If you are settled in the UK and wish to bring an elderly parent into the country so you can help take care of them, the difficulty of obtaining an Adult Dependent Relative (ADR) Visa for them is likely to leave you reeling in shock.

The Adult Dependent Relative (ADR) Rules came into force in July 2012, as part of a series of overall changes to the UK’s family migration policy.  Figures show that after the rule change, only 34 ADR visas were granted between November 2012 and September 2013.

The Joint Council for the Welfare of Immigrants has stated that the ADR rules are “unnecessarily harsh, causing families suffering and anxiety, and are rationally disconnected from the Government’s policy on family values”.

However, some good news has recently come out of the Upper Tribunal (immigration and asylum Chamber) in the form of President McCloskey upholding an appeal following the refusal of an ADR visa.  Significantly, the appeal was successful on human rights grounds.

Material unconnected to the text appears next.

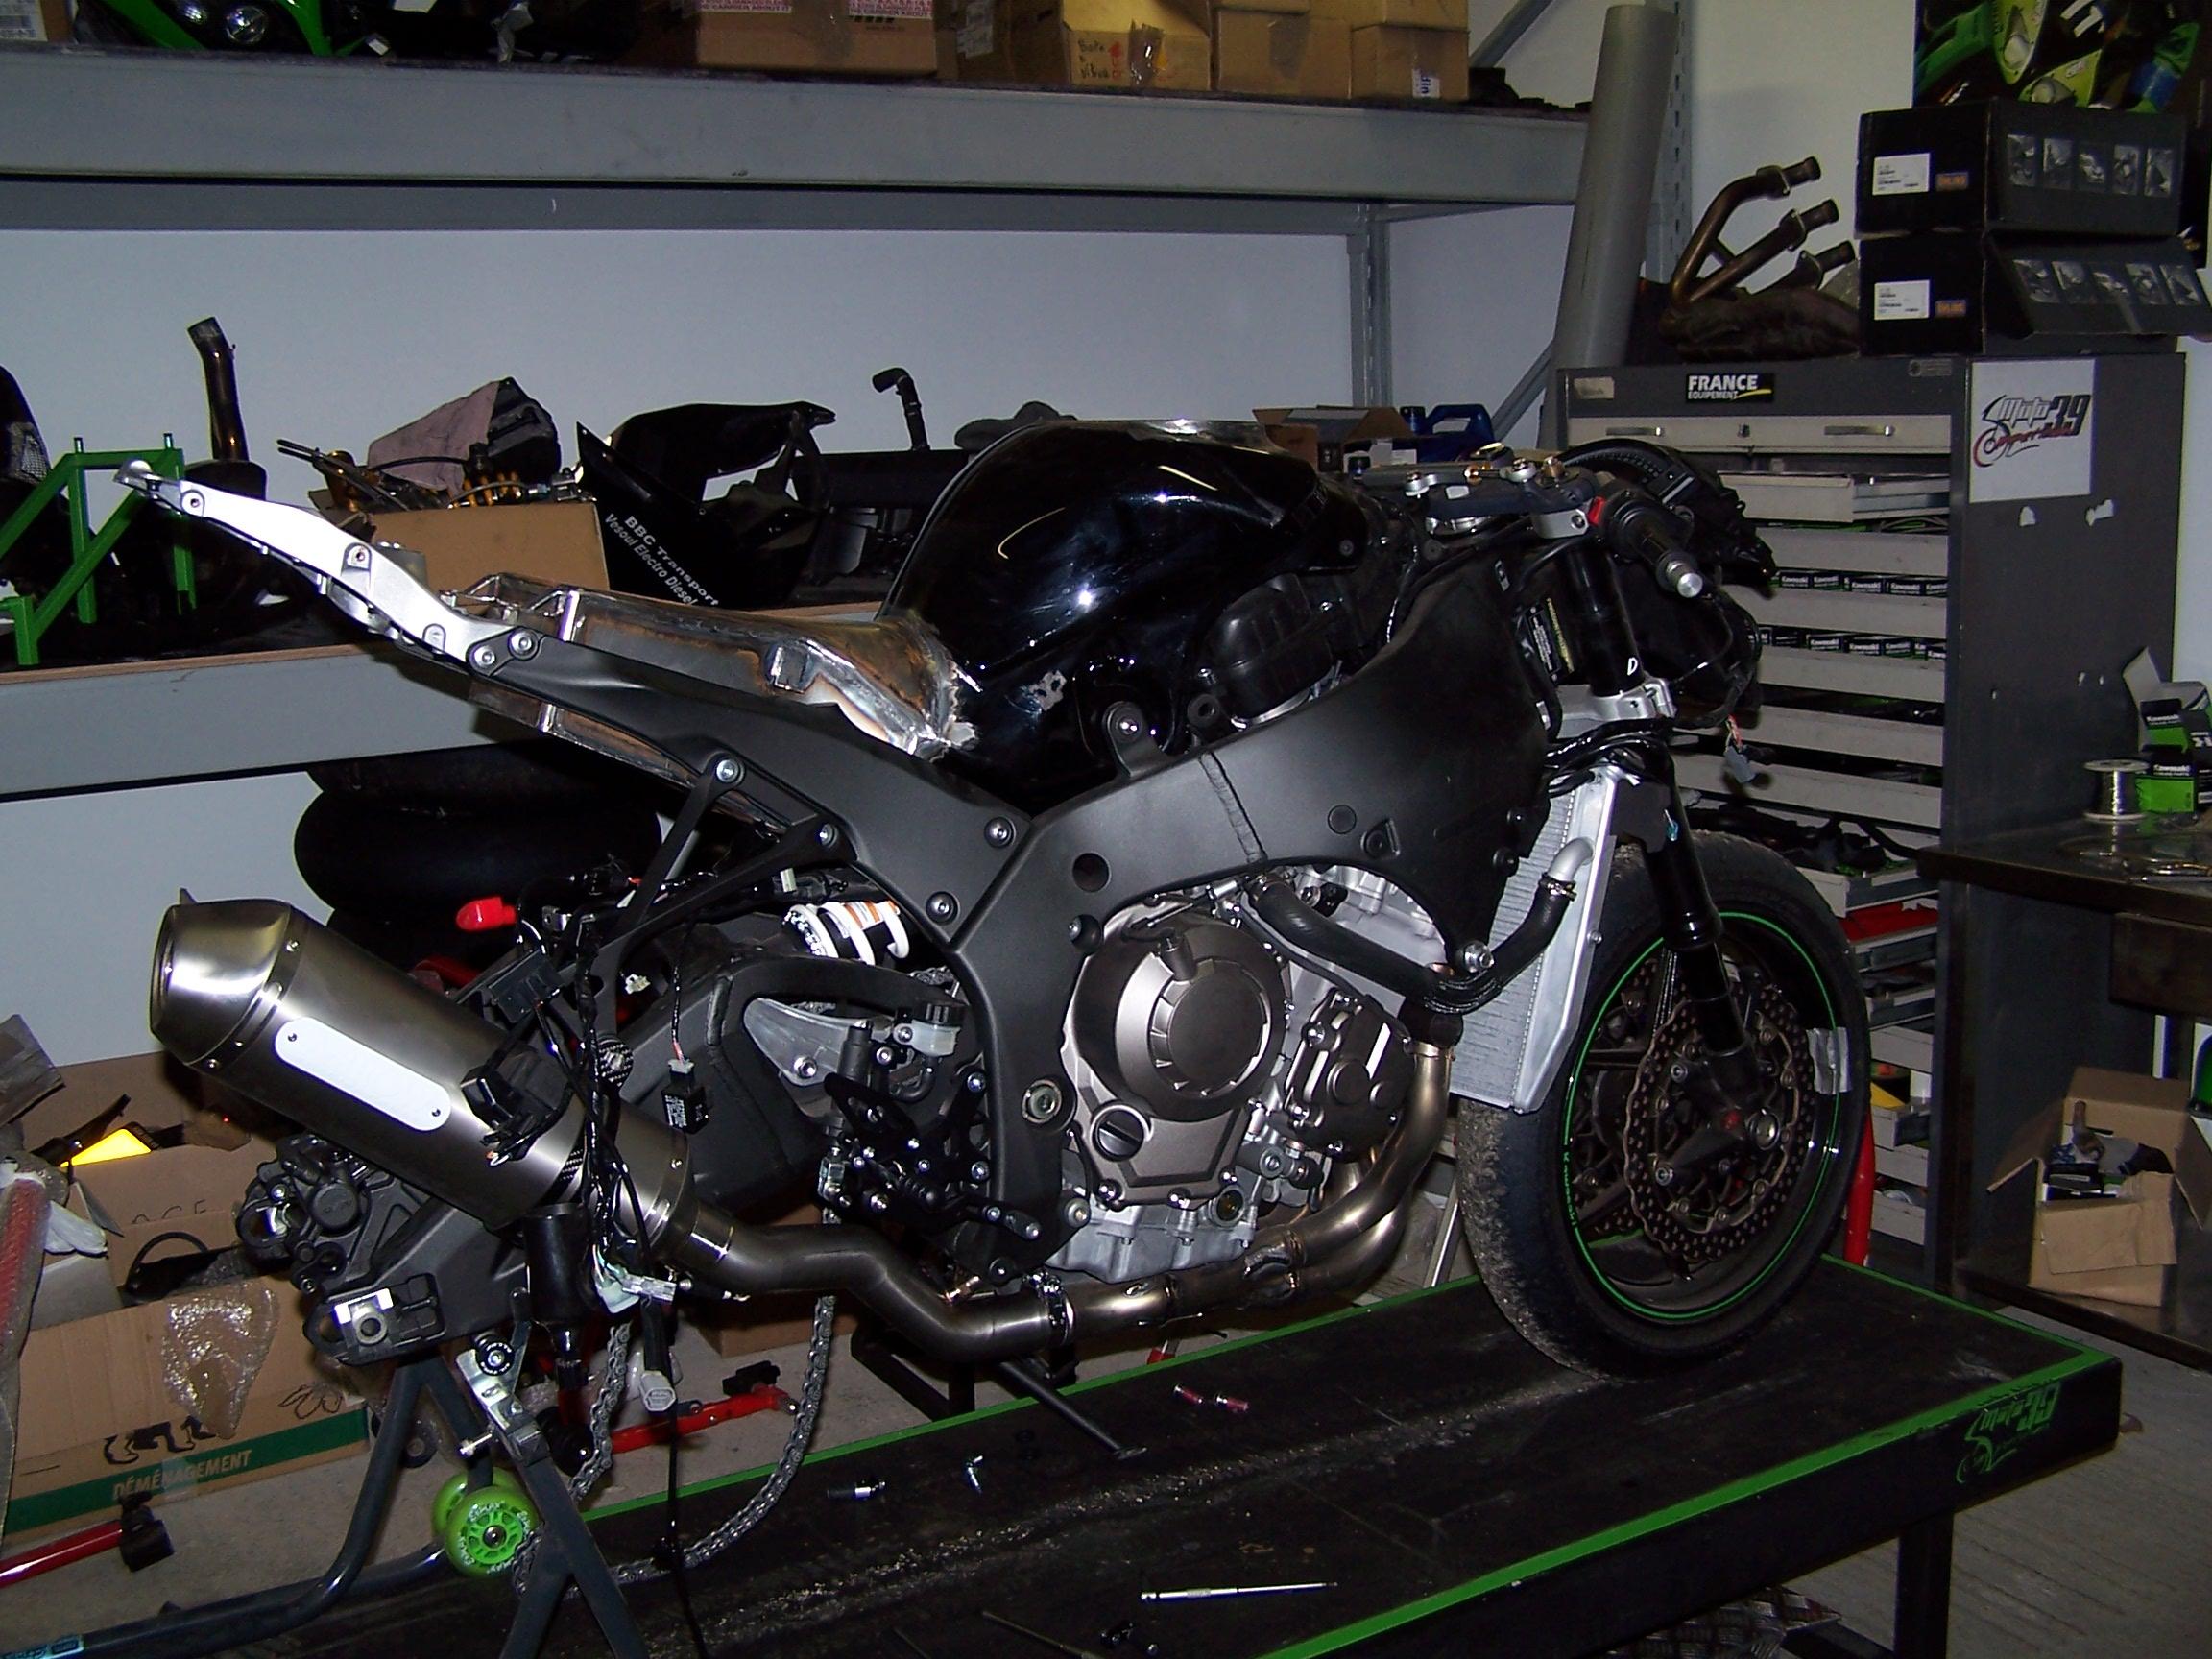 ZX10 R 2011
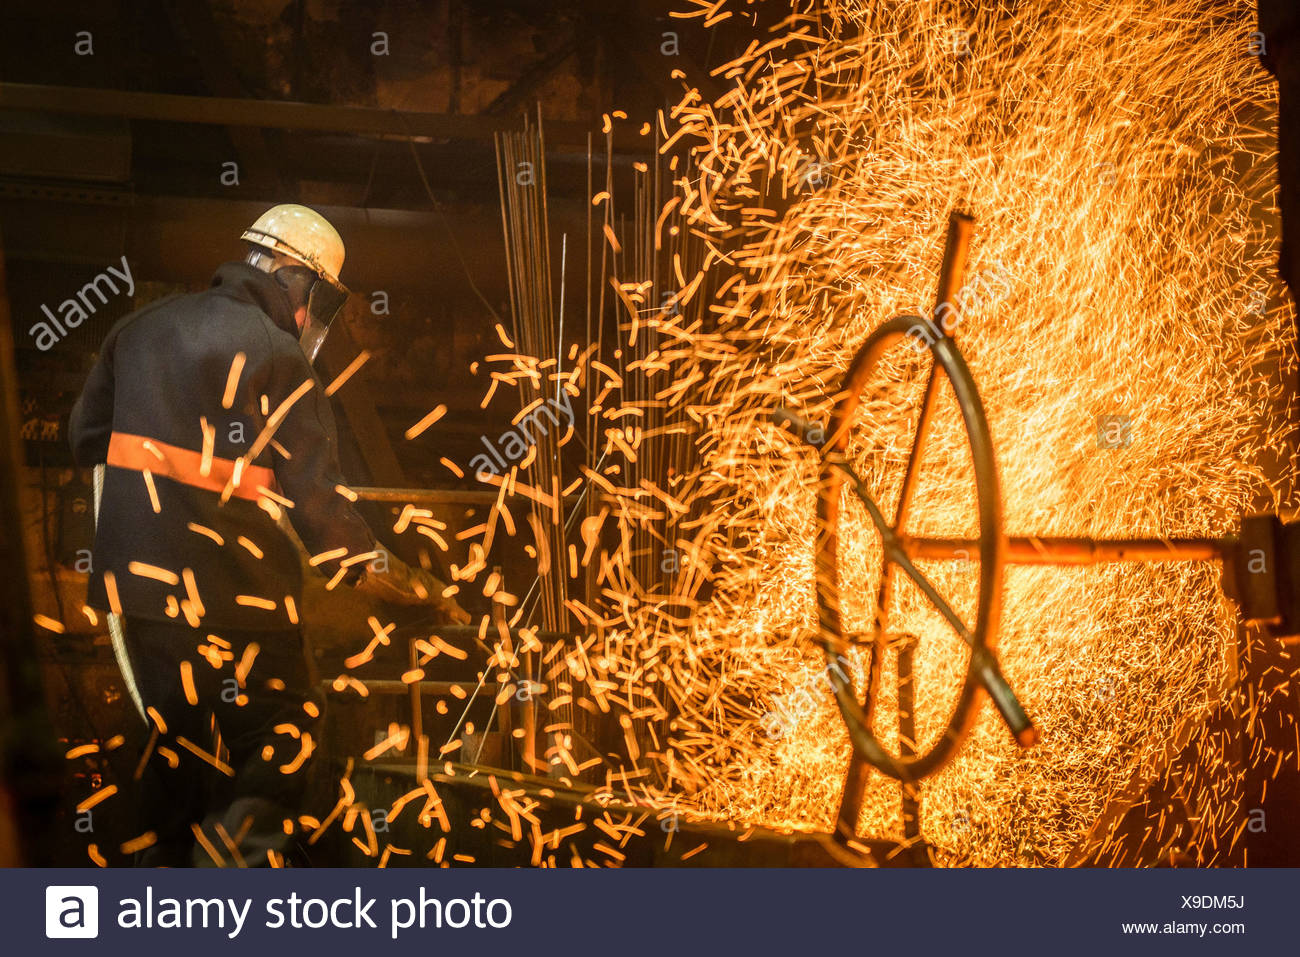 Steel worker amongst sparks in steel foundry - Stock Image

Background to the Decision

We have commented on the draconian requirements the Government developed for parents and grandparents seeking entry into the UK to join their children in an earlier blog.  To be eligible for an ADR Visa, applicants must be dependent on a parent, grandchild, brother, sister, son or daughter of someone living permanently in the UK.  You will need to prove that:

  • you need long-term care to do everyday personal and household tasks
  • the care you need is not available or affordable in the country you live in
  • the person you’ll be joining in the UK will be able to support, accommodate and care for you without claiming public funds for at least five years
  • you’re 18 or over

Although this seems straightforward, the thresholds for proving you need long-term care for everyday tasks and that the care is not available or affordable in the country where the applicant currently resides are undefined in the immigration rules.  After the rules were introduced in 2012, entry clearance officers were accused of refusing applicants an ADR Visa if a paid carer was available in the applicant’s home country, and they could be paid for from income derived from the applicant’s relatives in the UK.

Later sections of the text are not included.